_DATA EXTRACT_:
........
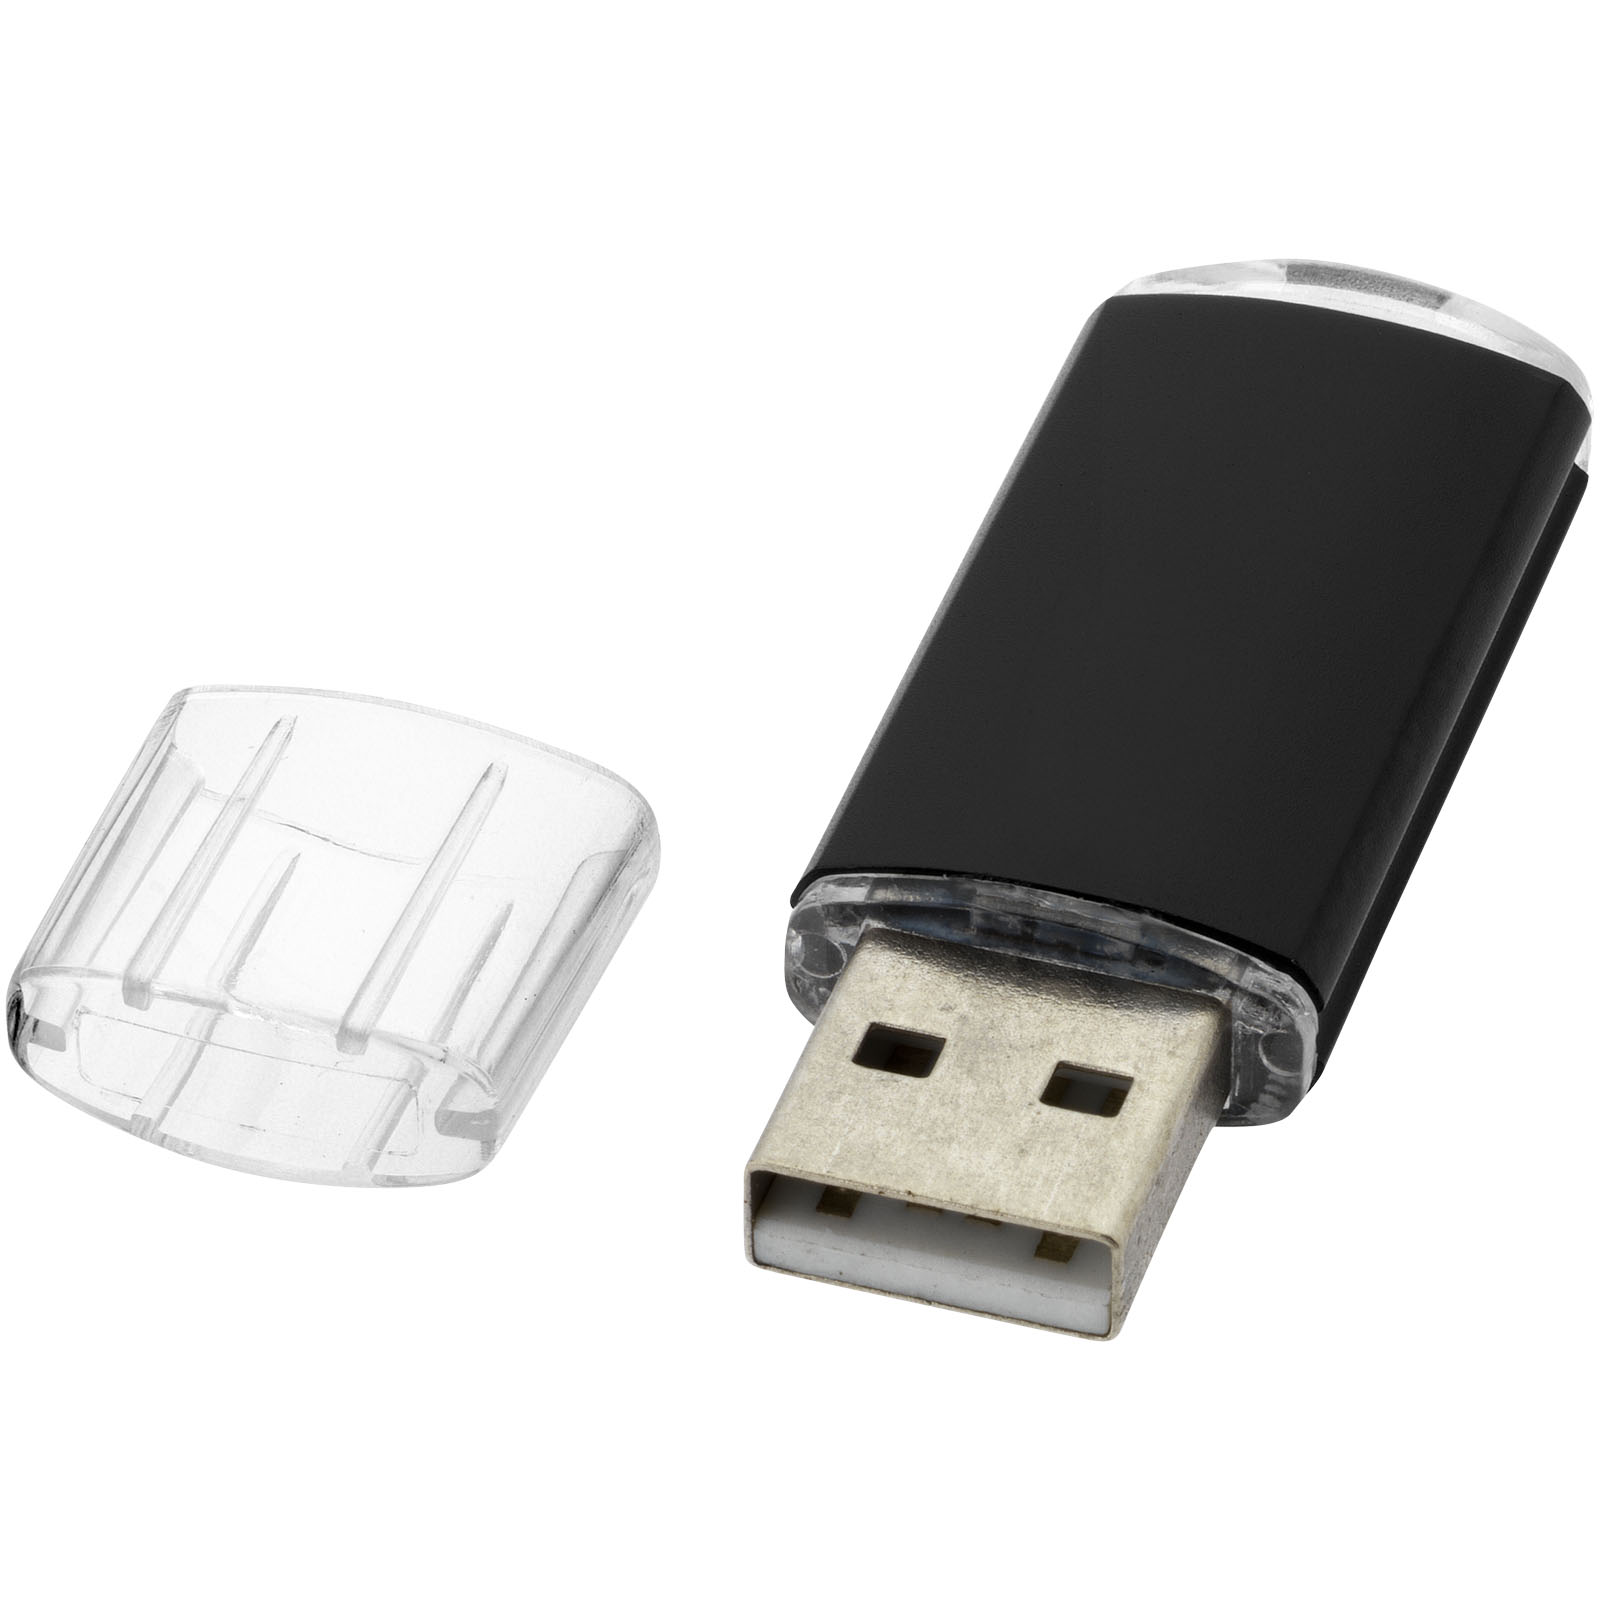 USB de Silicon Valley - Castellar de n’Hug
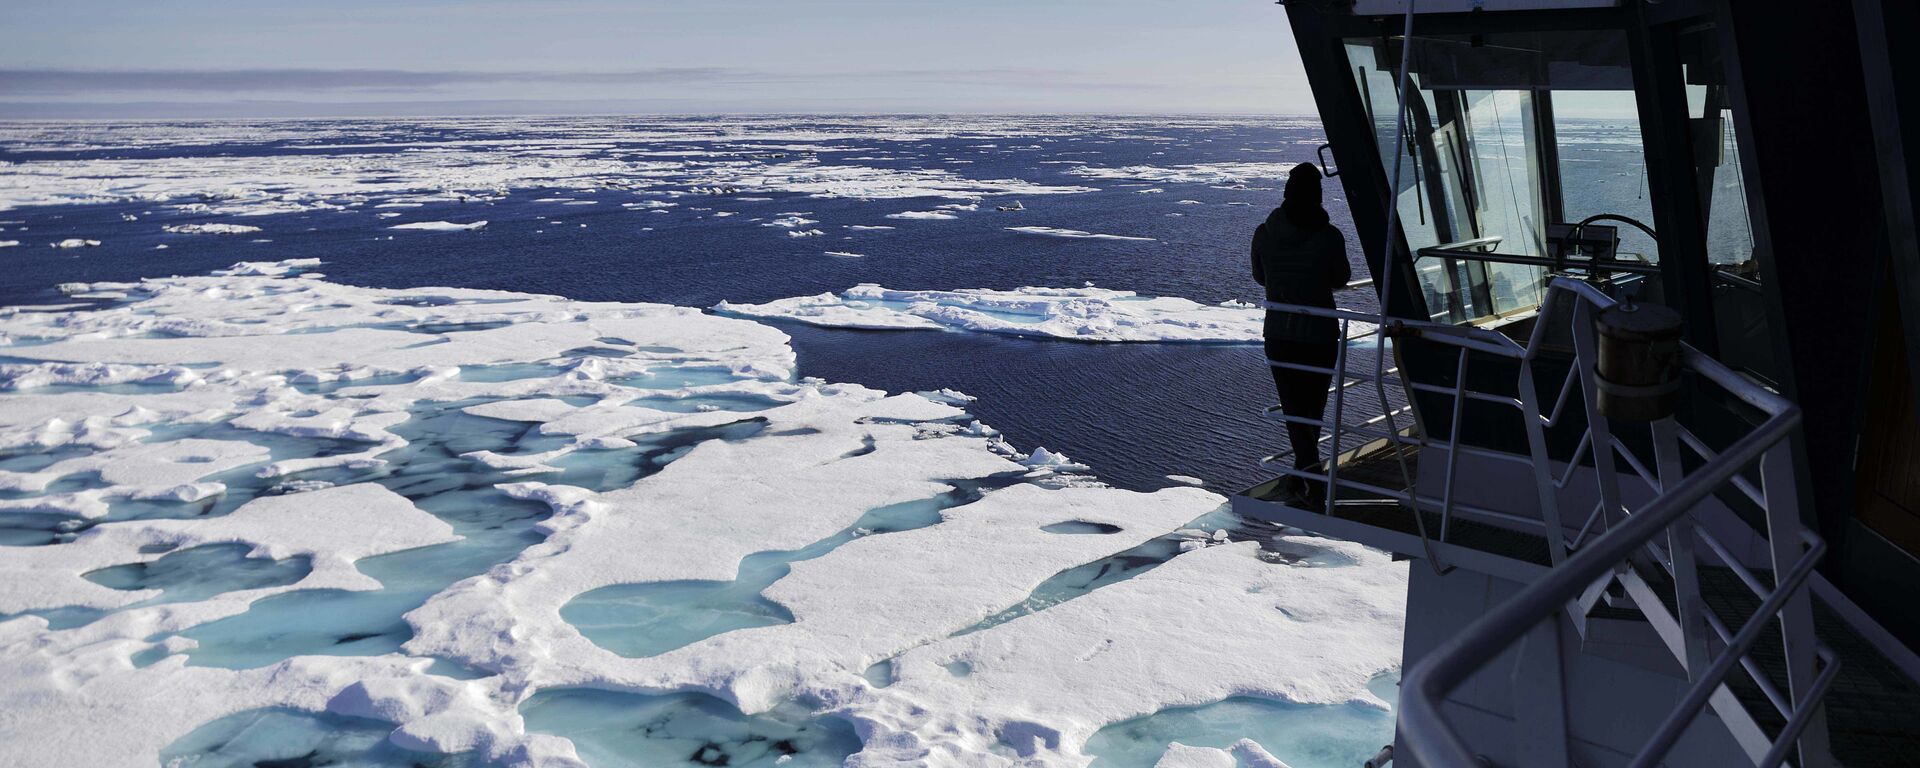 O navio quebra-gelo finlandês MSV Nordica navega através do gelo flutuando no mar de Chukchi, na costa do Alasca. - Sputnik Brasil, 1920, 28.12.2021
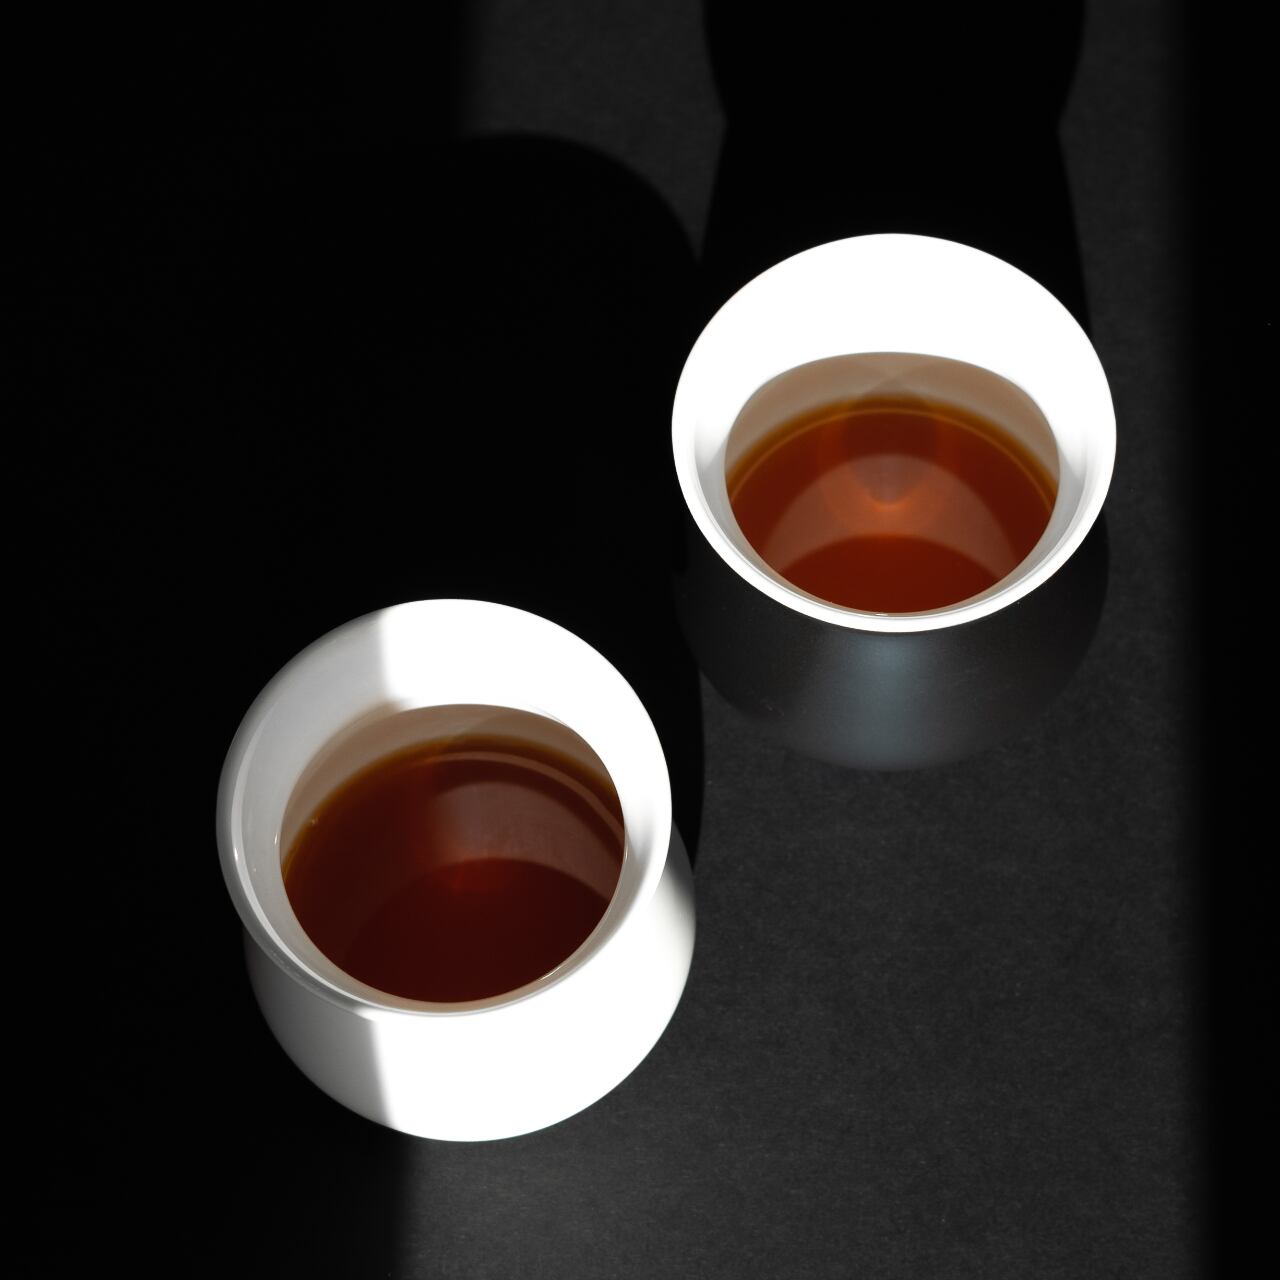 五感でコーヒーを楽しむコーヒーカップ コーヒーの香り 色 味をより深く感じることを主眼にチューニング Sencecup Orea A 278 For Slow Living
........
_WHAT IS REQUIRED_:
From the first line to the last, repeat the material exactly, but drop the pictures.

_RESULT_:
 USB de Silicon Valley - Castellar de n’Hug
 O navio quebra-gelo finlandês MSV Nordica navega através do gelo flutuando no mar de Chukchi, na costa do Alasca. - Sputnik Brasil, 1920, 28.12.2021
 五感でコーヒーを楽しむコーヒーカップ コーヒーの香り 色 味をより深く感じることを主眼にチューニング Sencecup Orea A 278 For Slow Living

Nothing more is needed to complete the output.